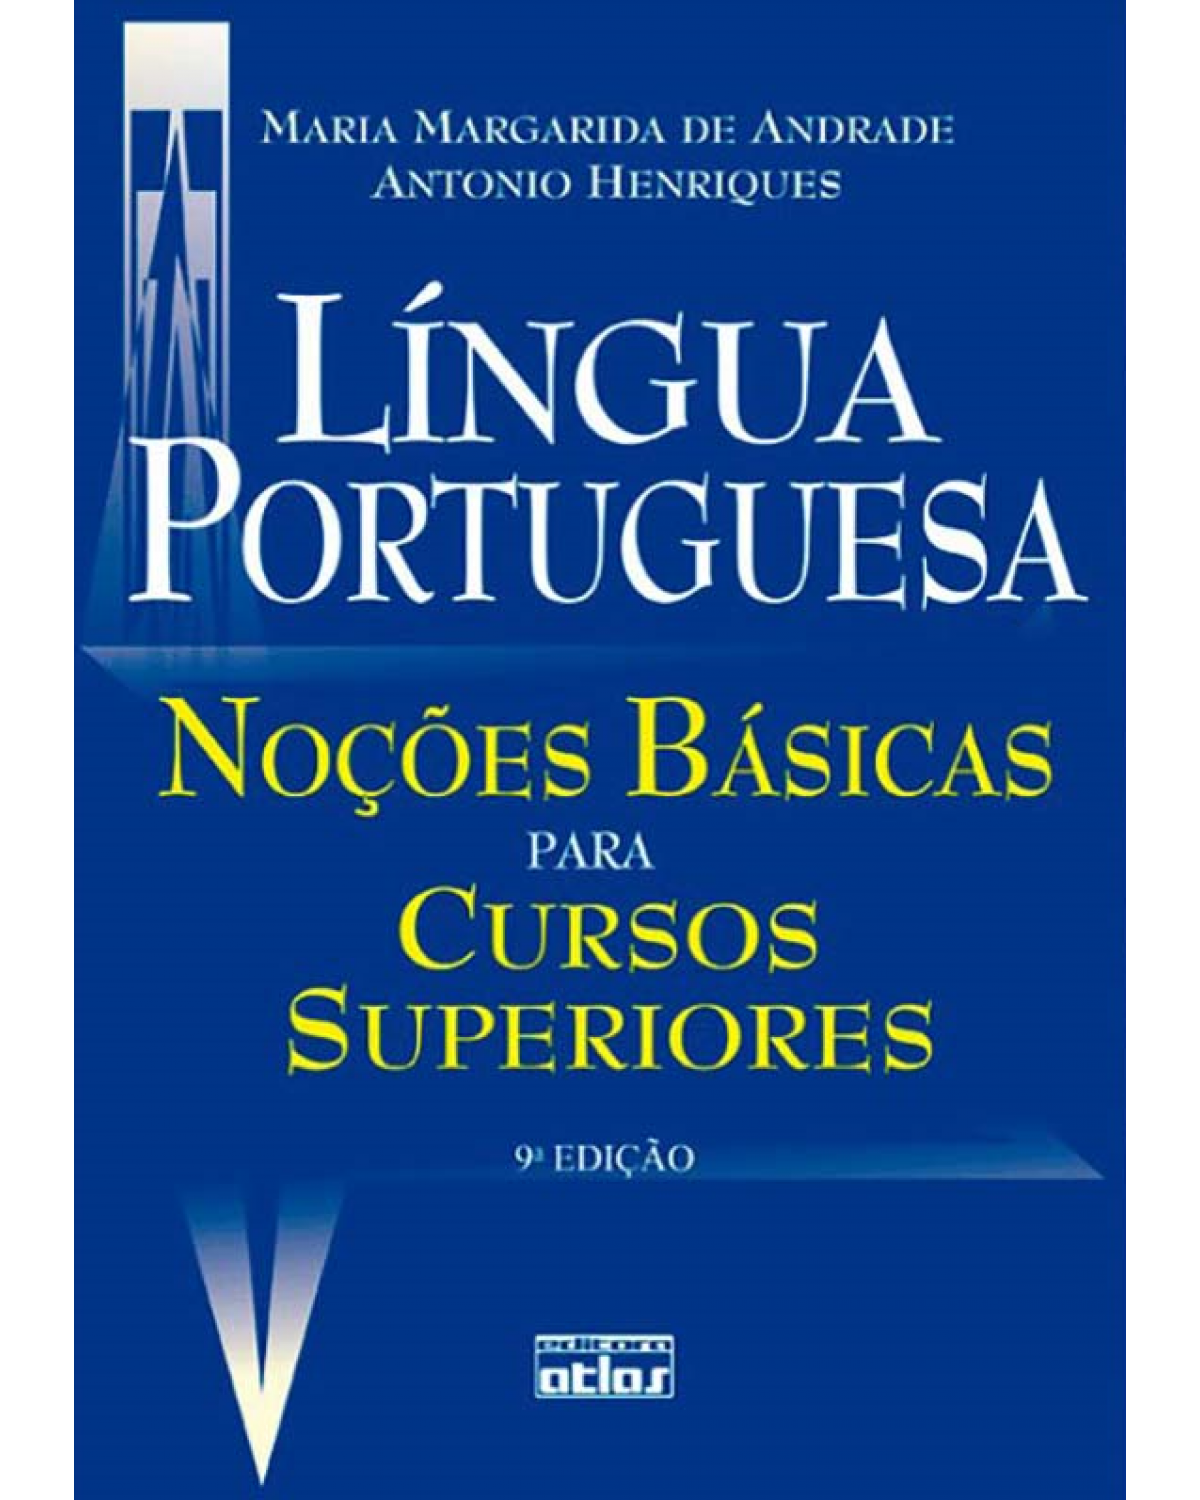 Língua portuguesa - Noções básicas para cursos superiores - 9ª Edição | 2010
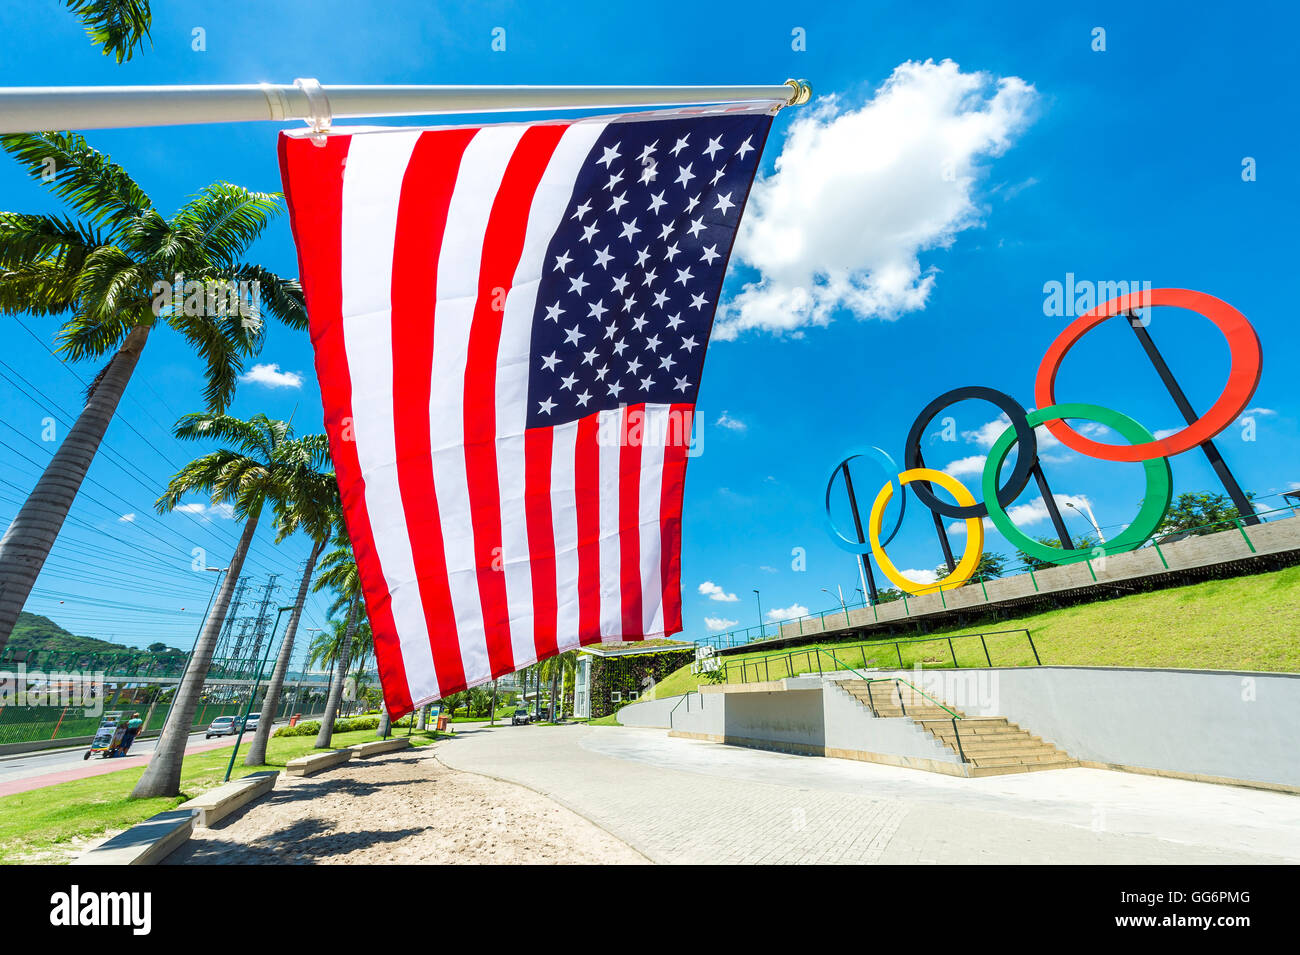 RIO DE JANEIRO - le 18 mars 2016 : un drapeau américain est en face d'un affichage des anneaux olympiques dans la région de Parque Madureira Park. Banque D'Images
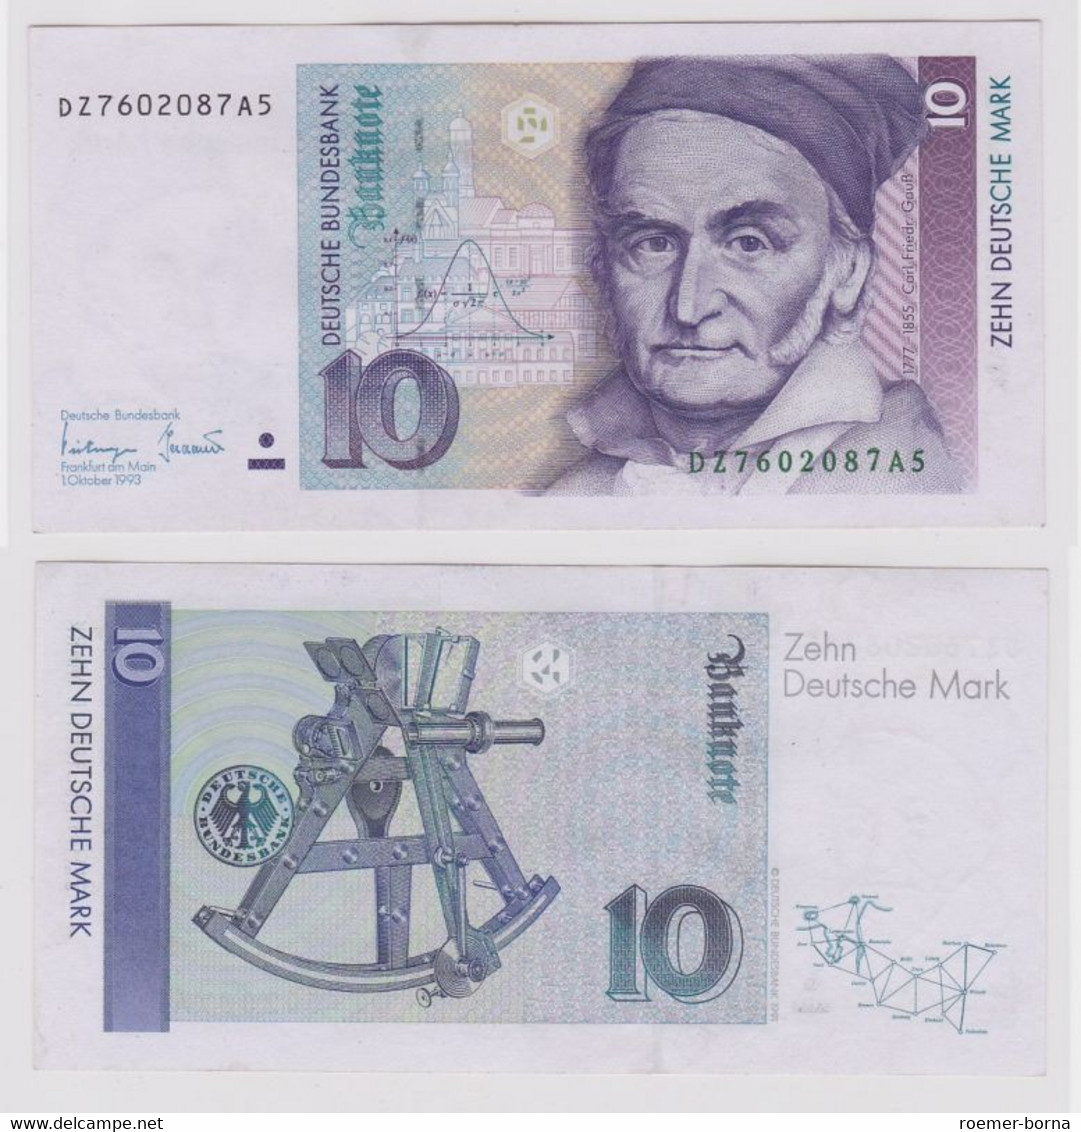 T146575 Banknote 10 DM Deutsche Mark Ro. 303a Schein 1.Okt. 1993 KN DZ 7602087A5 - 10 Deutsche Mark
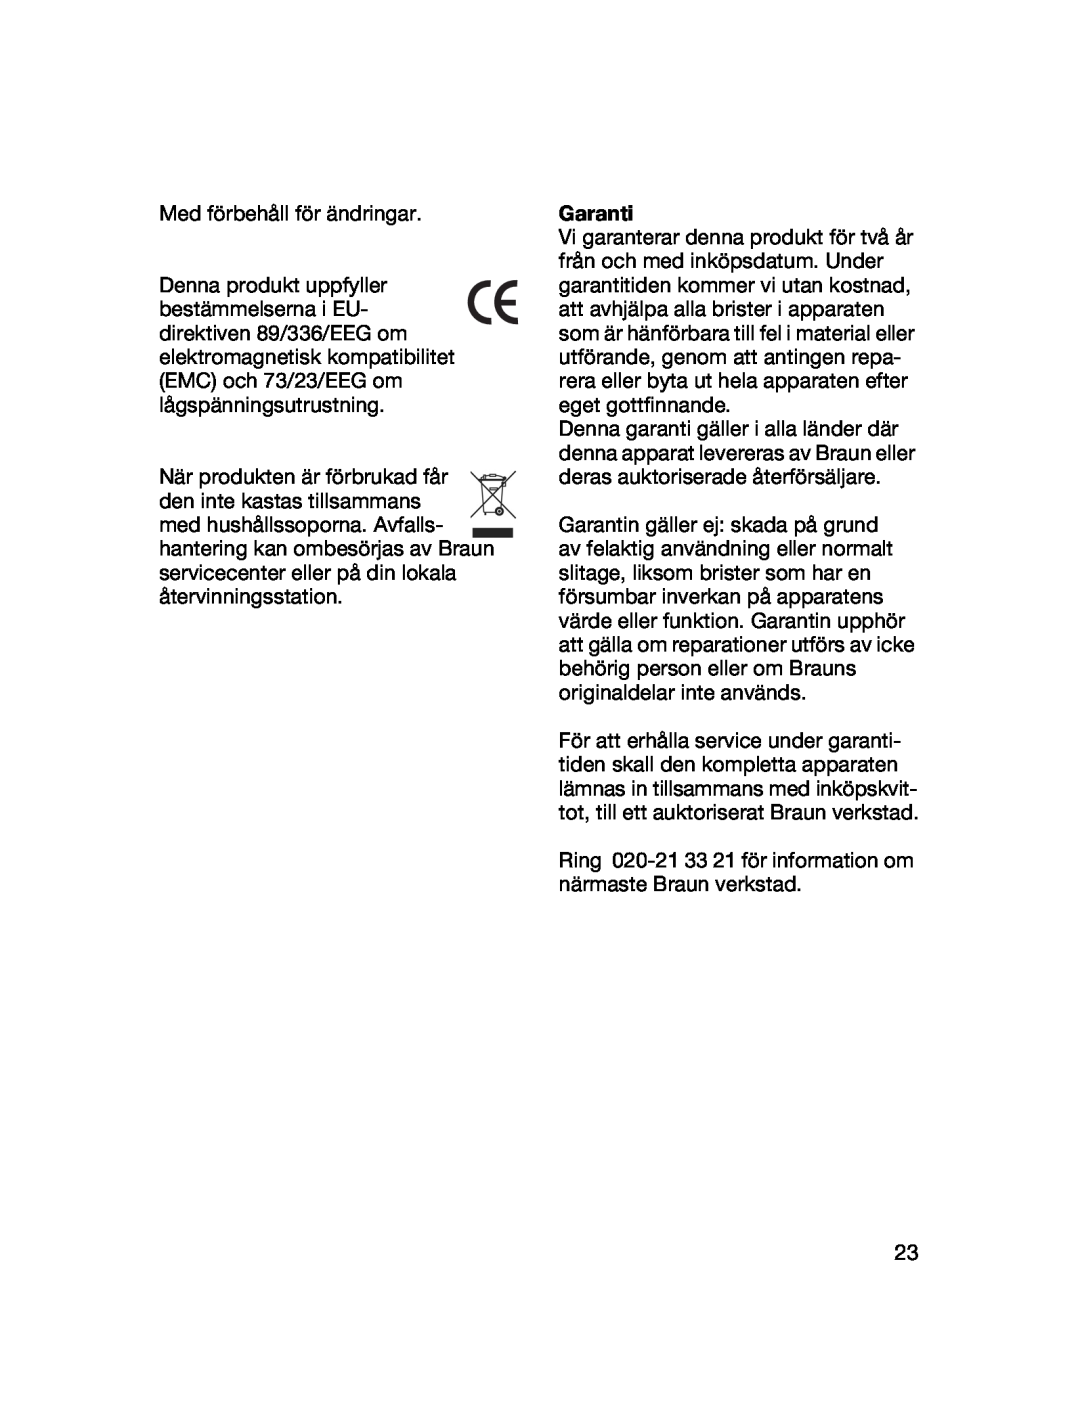 Braun 4041 manual Med förbehåll för ändringar, Garanti, Ring 020-21 33 21 för information om närmaste Braun verkstad 
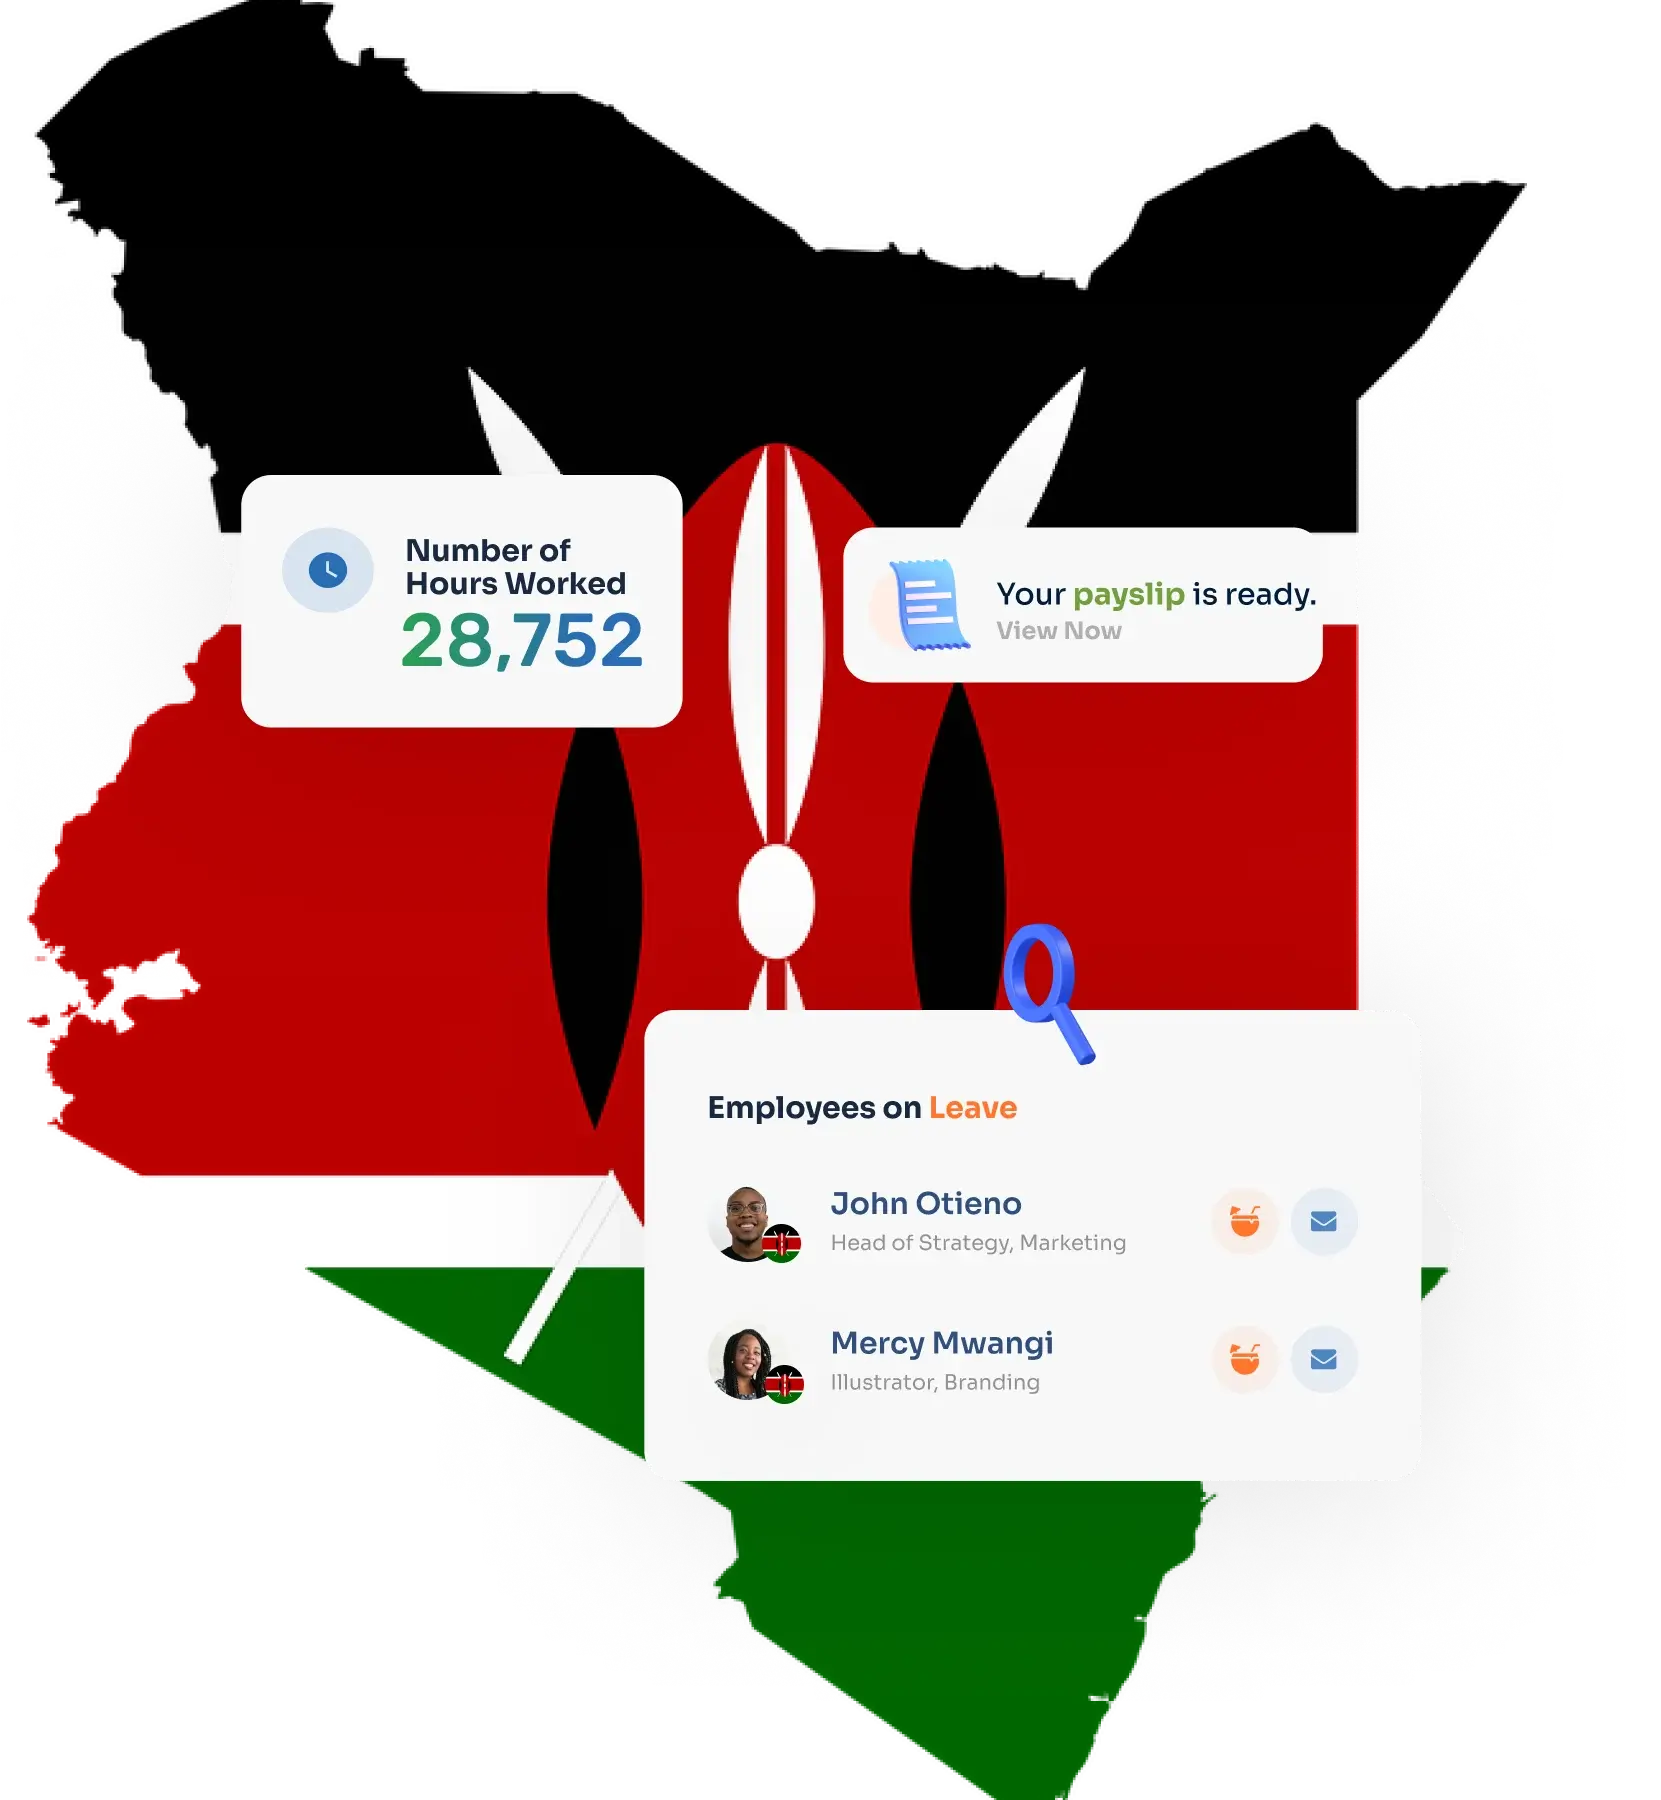 HR Software in Kenya

____________

Problem to work on:
Render the records above word for word and leave the pictures out.

Response:
 Língua portuguesa - Noções básicas para cursos superiores - 9ª Edição | 2010
 RIO DE JANEIRO - le 18 mars 2016 : un drapeau américain est en face d'un affichage des anneaux olympiques dans la région de Parque Madureira Park. Banque D'Images
 T146575 Banknote 10 DM Deutsche Mark Ro. 303a Schein 1.Okt. 1993 KN DZ 7602087A5 - 10 Deutsche Mark
 Braun 4041 manual Med förbehåll för ändringar, Garanti, Ring 020-21 33 21 för information om närmaste Braun verkstad 
 HR Software in Kenya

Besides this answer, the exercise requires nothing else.